Part 1: Properties at Work in Fraction Addition and Subtraction

• Interaction: Intro to Pattern Blocks. Participants will use pattern blocks to identify fractional values and flexibly change the values of the pattern blocks (eg. the hexagon represents 1 whole in the first interaction, but represents 2 wholes in the next interaction). Participants will have to go through a set number of interactions but can "play" with those as long as they would like. (aligns to CLO1, CLO3)

• Short video (<5 minutes) of how the Identity Property plays a crucial role in operations with fractions. (aligns to CLO1, CLO2)

• Interaction: Participants model addition and subtraction of fractions and mixed numbers with pattern blocks and connect their representations to the algorithms.  (aligns to CLO1, CLO3)

• Short video (<5 minutes) of how the Associative, Commutative and Distributive Properties are at work in addition and subtraction of fractions and mixed numbers. (aligns to CLO1, CLO2)

• Interaction: Participants again model addition and subtraction of fractions and mixed numbers with pattern blocks and connect their representations to the properties of operations.  (aligns to CLO1, CLO3)

• Formative Assessment: Reflection Question for Discussion Board (aligns to CLO1, CLO2)

  • • How did knowing the properties of operations serve as a tool to help you make sense of the fraction addition and subtraction algorithms?

    • What are the similarities between adding and subtracting fractions?

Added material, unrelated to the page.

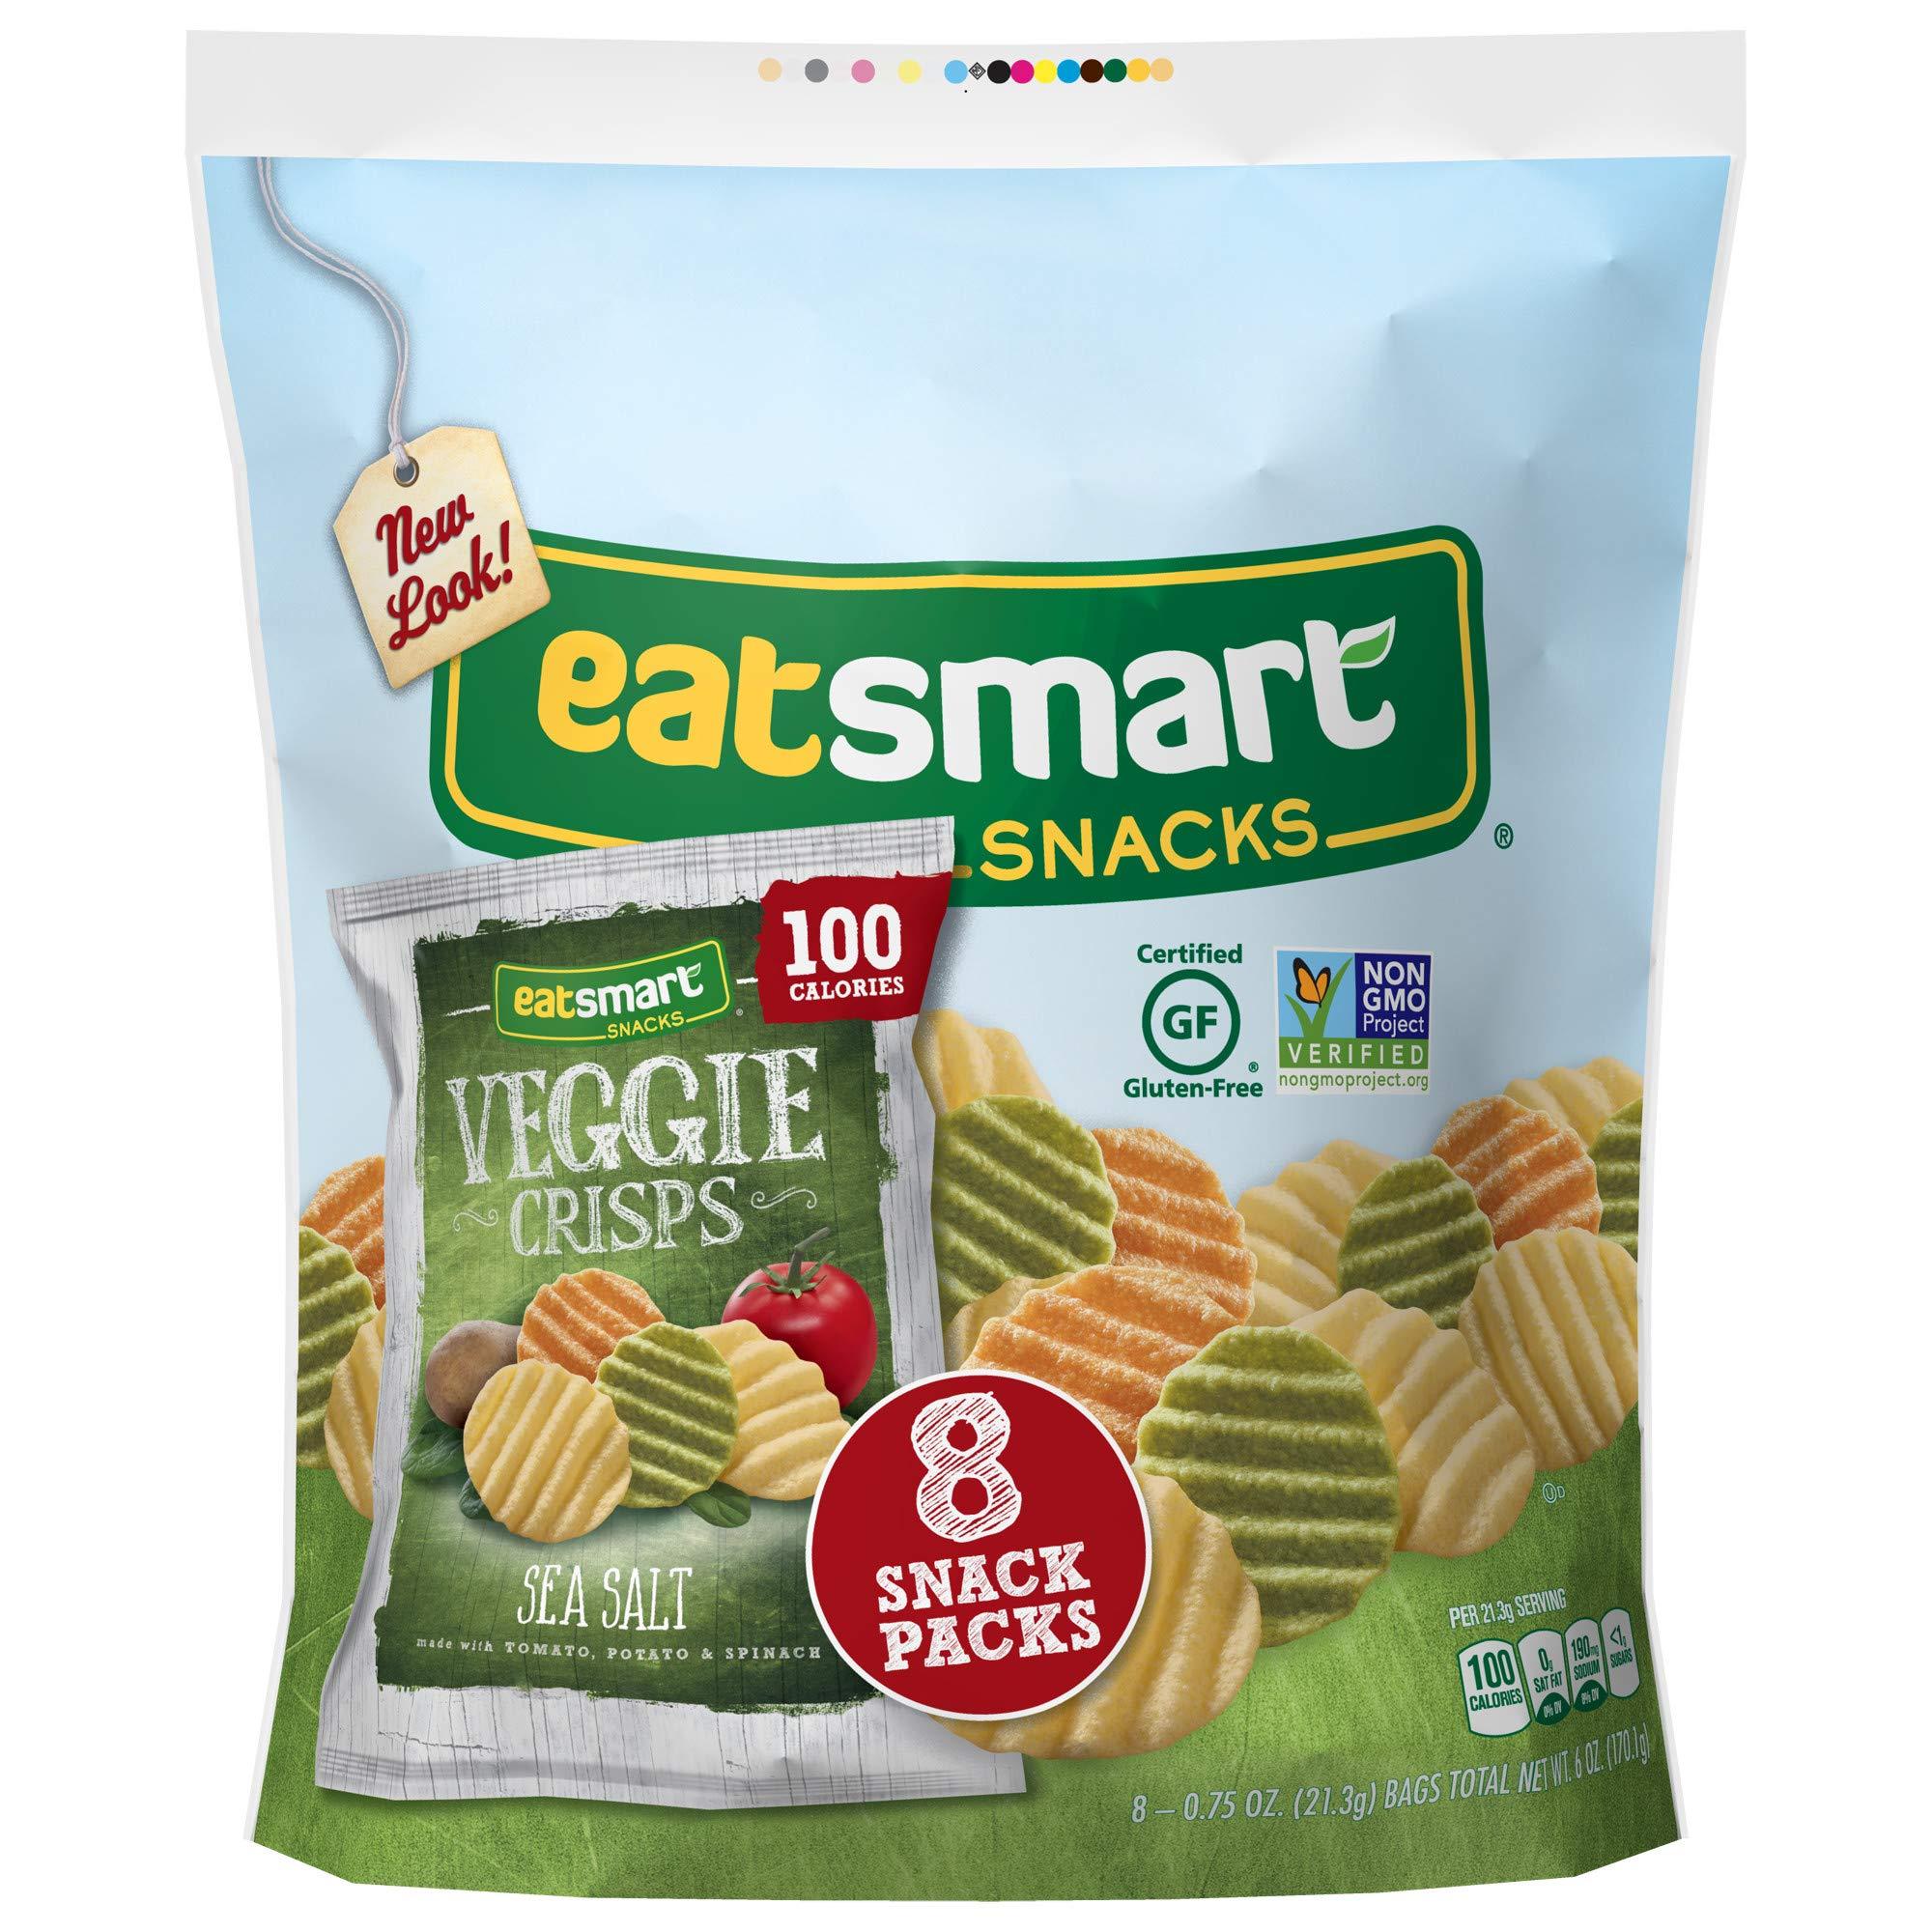 Eatsmart Snacks Veggie Crisps, 100 Calorie Multipack, Sea Salt, 8 Count (Pack of 6) by Eatsmart Snacks
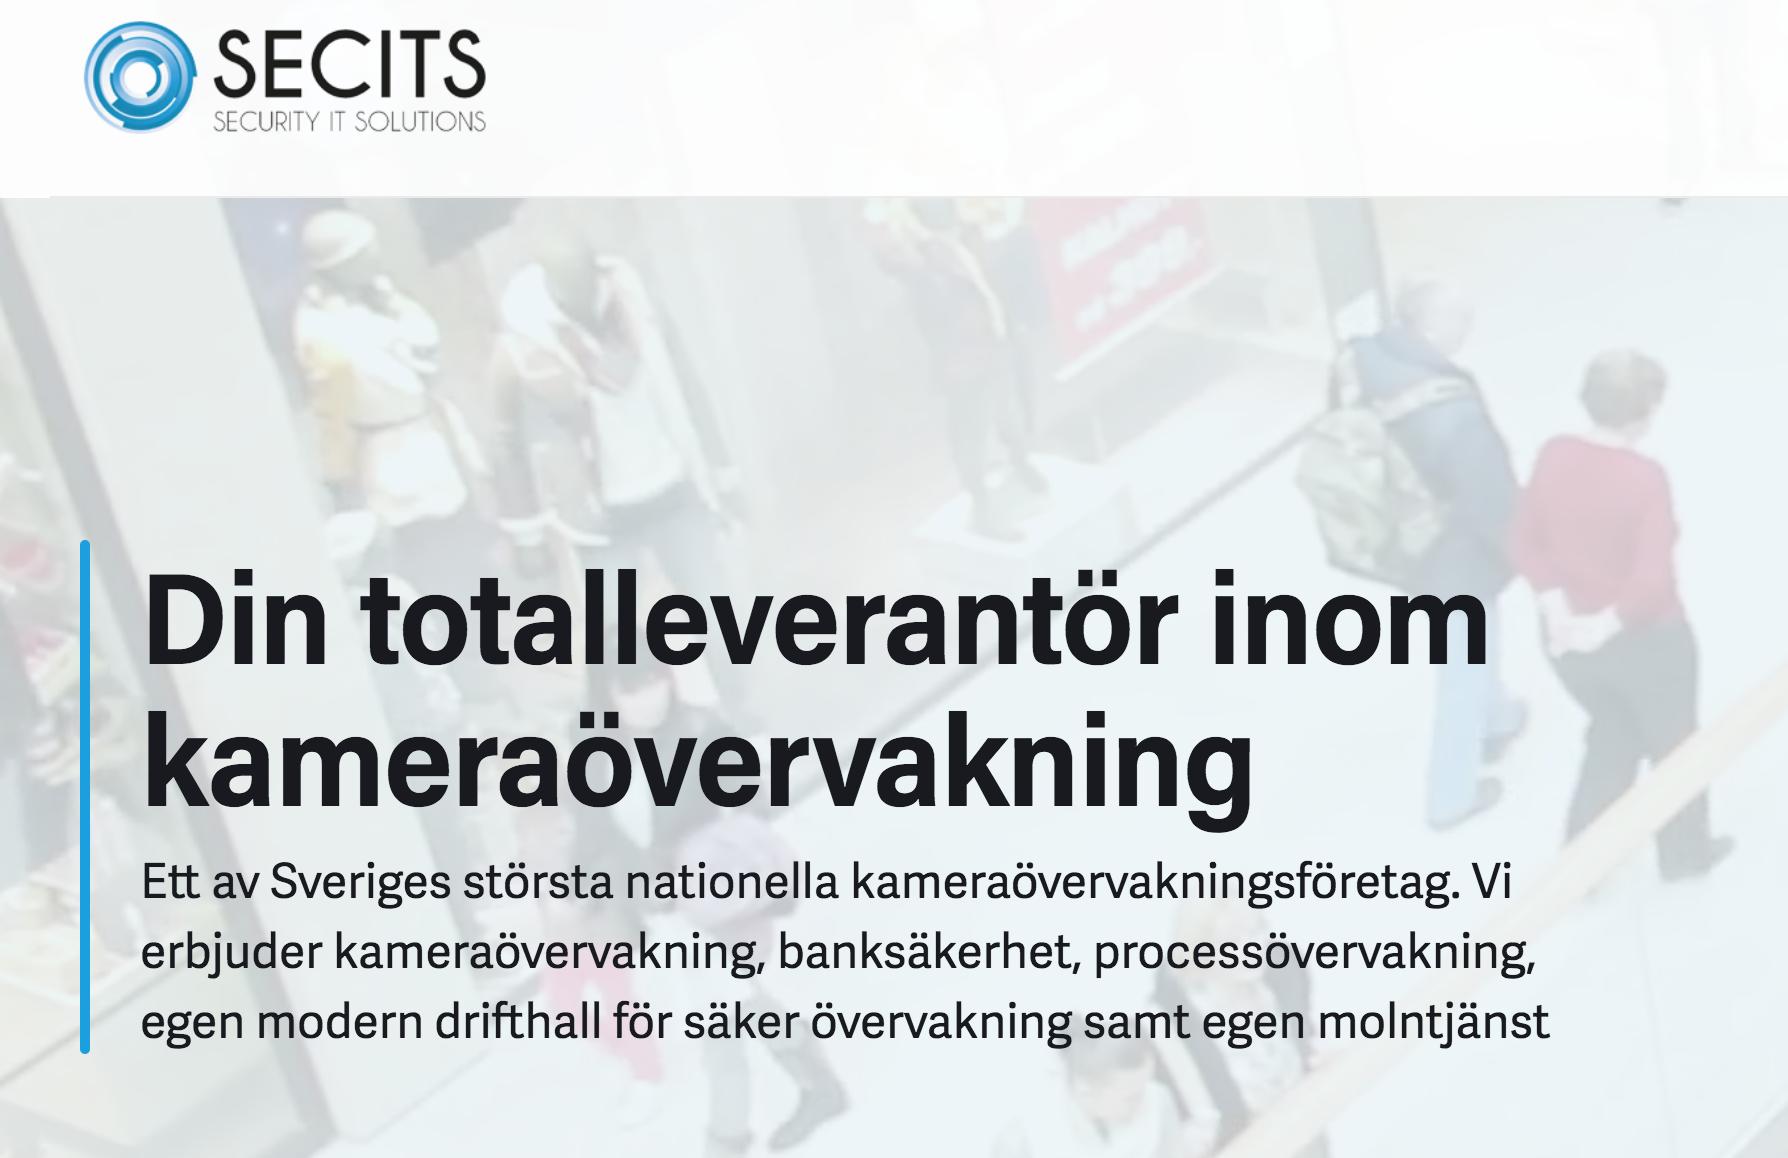 Case: Så använder SECITS Sweden AddSecures lösning för kameraövervakning

What are the differences?

    • Points awarded for participation

• Short video (<2 minutes) Reiterates how the Associative, Commutative and Distributive Properties are at work in addition and subtraction of fractions and mixed numbers. Also addresses the similarities/differences between addition and subtraction. (aligns to CLO1, CLO2)

• Summative Assessment: Knowledge Check- Quiz on Addition and Subtraction of Fractions (aligns to CLO1, CLO2). Points awarded for correct answers.

Part 2: Properties at Work in Fraction Multiplication [THIS WILL BE RESERVED FOR A FUTURE PROJECT. FOR NOW, ONLY ADDITION AND SUBTRACTION WILL BE BUILT]

• Short video (<2 minutes) overview of how the properties of operations play a crucial role as tools in multiplying and dividing with fractions and mixed numbers. (aligns to CLO1, CLO2)

• Short video (<5 minutes) Using pattern blocks to understand multiplication with fractions and mixed numbers. (aligns to CLO1, CLO2)

• Interaction: Participants model multiplication of fractions and mixed numbers with pattern blocks and connect their representations to the algorithms.  (aligns to CLO1, CLO3)

• Formative Assessment: Participants use models to identify the division equations and explain how the standard algorithm applies to the model.  (aligns to CLO3)

• Short video (<5 minutes) of how the Associative, Commutative and Distributive Properties are at work in multiplication of fractions and mixed numbers. (aligns to CLO1, CLO2)

• Interaction: Participants again model multiplication of fractions and mixed numbers with pattern blocks and connect their representations to the properties of operations.  (aligns to CLO1, CLO3)

• Summative Assessment: Reflection Question for Discussion Board (aligns to CLO1, CLO2)

  • • How did knowing the properties of operations serve as a tool to conceptually teach the fraction multiplication algorithm instead of only teaching the procedure?

    •  Points awarded for participation

Part 3: Properties at Work in Fraction Division [THIS WILL BE RESERVED FOR A FUTURE PROJECT. FOR NOW, ONLY ADDITION AND SUBTRACTION WILL BE BUILT]

• Short video (<5 minutes) Using pattern blocks to understand division with fractions and mixed numbers. (aligns to CLO1, CLO2)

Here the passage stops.